Rationally designed immunogens enable immune focusing following SARS-CoV-2 spike imprinting

Abstract

The emergence of SARS-CoV-2 (SARS-2) has highlighted the health risk posed by novel pathogens for which there is limited protective population immunity. Though vaccinations were developed and used rapidly across much of the world, SARS-2 continues to circulate and is evolving antigenically to escape host immunity. Several related sarbecoviruses that use the same human angiotensin converting enzyme 2 (ACE2) receptor to enter cells have been identified in animals. This suggests the possibility that additional novel sarbecoviruses may emerge. The combination of ongoing SARS-2 antigenic evolution and the possibility of zoonotic spillover underscore the need for pan-sarbecovirus vaccines that provide protection against both currently circulating variants and emerging viruses. Because a large proportion of people have previously been infected with or vaccinated against SARS-2, pan-sarbecovirus vaccine candidates must be evaluated in the context of pre-existing SARS-2 immunity. In this thesis, we evaluated structure-guided, rational immunogen design approaches to focus the humoral immune response to conserved epitopes on the SARS-2 receptor binding domain. We have pursued this objective in the following ways.

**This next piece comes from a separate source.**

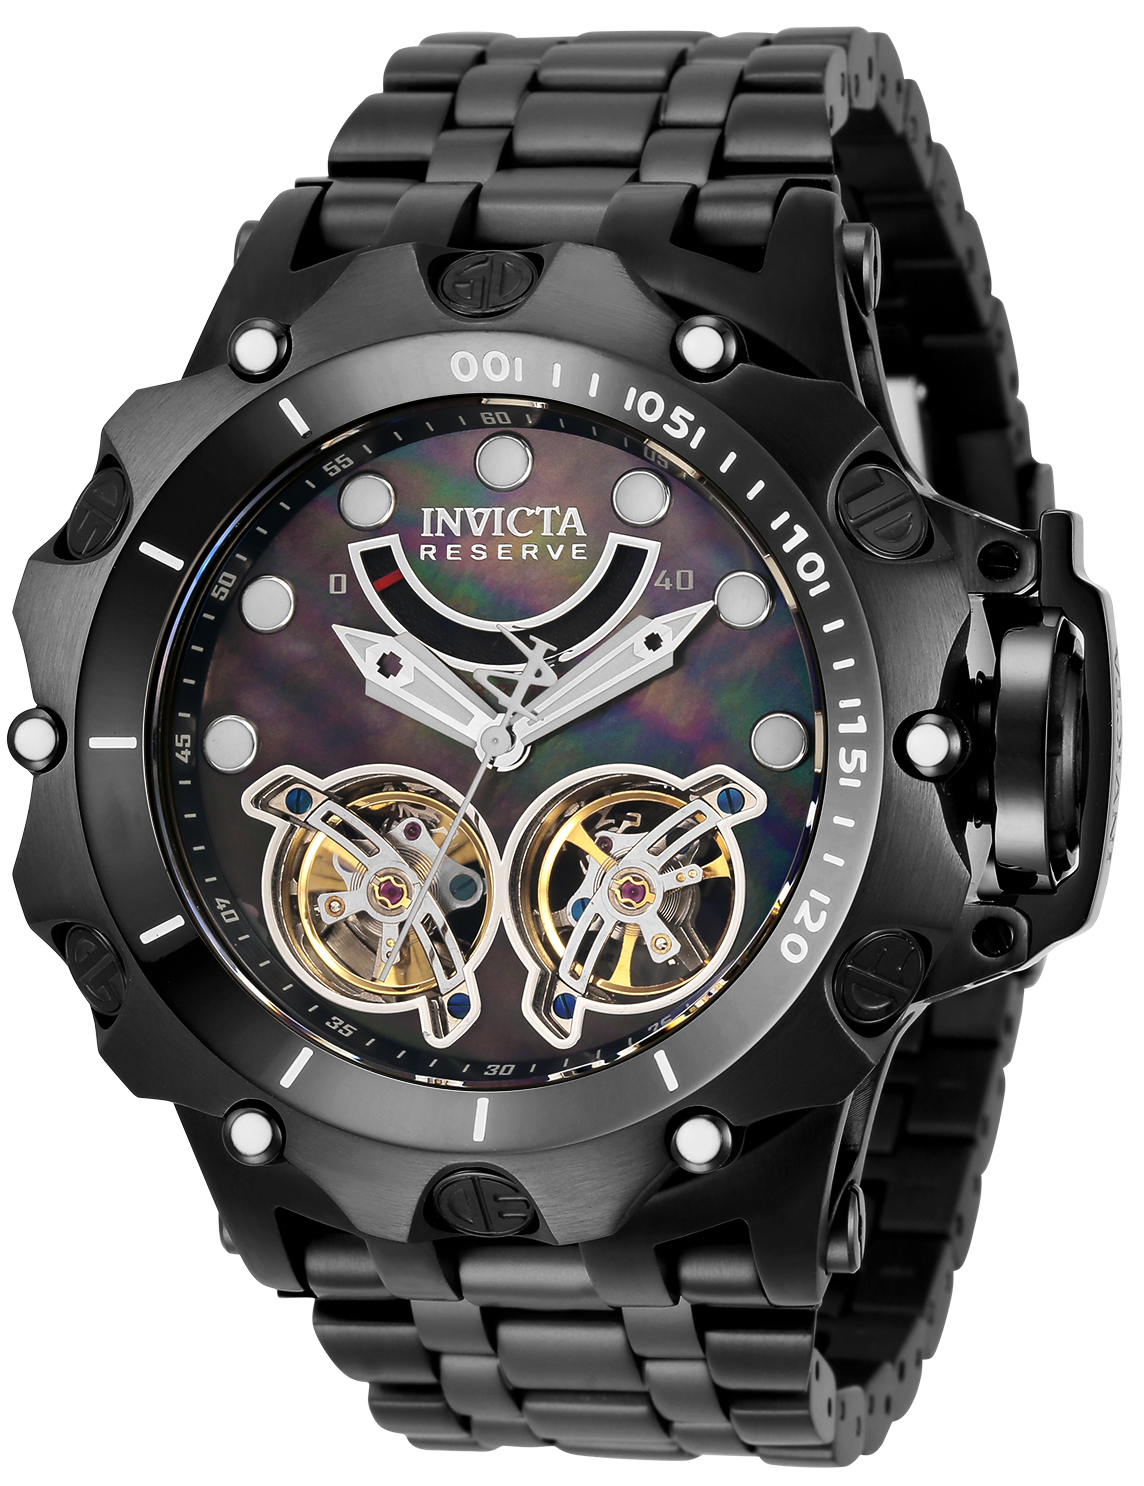 Invicta Reserve Venom Automatic Mens Watch - 51mm Stainless Steel Case, Stainless Steel Band, Black (33554)

We demonstrated that boosting with receptor binding domain-based immunogens, rather than the full SARS-2 spike protein, elicits a memory B cell response that is biased towards the receptor binding domain. However, both boosting approaches generate broad serum neutralization across related sarbecoviruses. We leveraged hyperglycosylation and scaffolding design approaches to engineer immunogens that could focus to conserved epitopes on the receptor binding domain. Boosting with these engineered immunogens in the context of prior SARS-2 immunity focused the murine serum antibody response to conserved, broadly neutralizing epitopes. We also pursued structural characterization of several immunogen-elicited broadly neutralizing antibodies to help understand the basis of this broad serum neutralization. We refined the design of one of the hyperglycosylated immunogens to focus to the epitope targeted by these broadly neutralizing antibodies. Boosting with this immunogen in the context of prior immunity to SARS-2 in mice resulted in immune focusing. Additionally, this immune focusing significantly improved serum neutralization of the antigenically distant Omicron variant. We also characterized the cross-reactive human SARS-2 antibody response and identified broadly neutralizing antibodies that targeted a similar epitope. Our data support the use of hyperglycosylation and scaffolding immunogen design approaches to focus humoral responses to epitopes on the SARS-2 receptor binding domain in context of prior SARS-2 immunity. These tools may provide a framework for a future pan-sarbecovirus vaccine.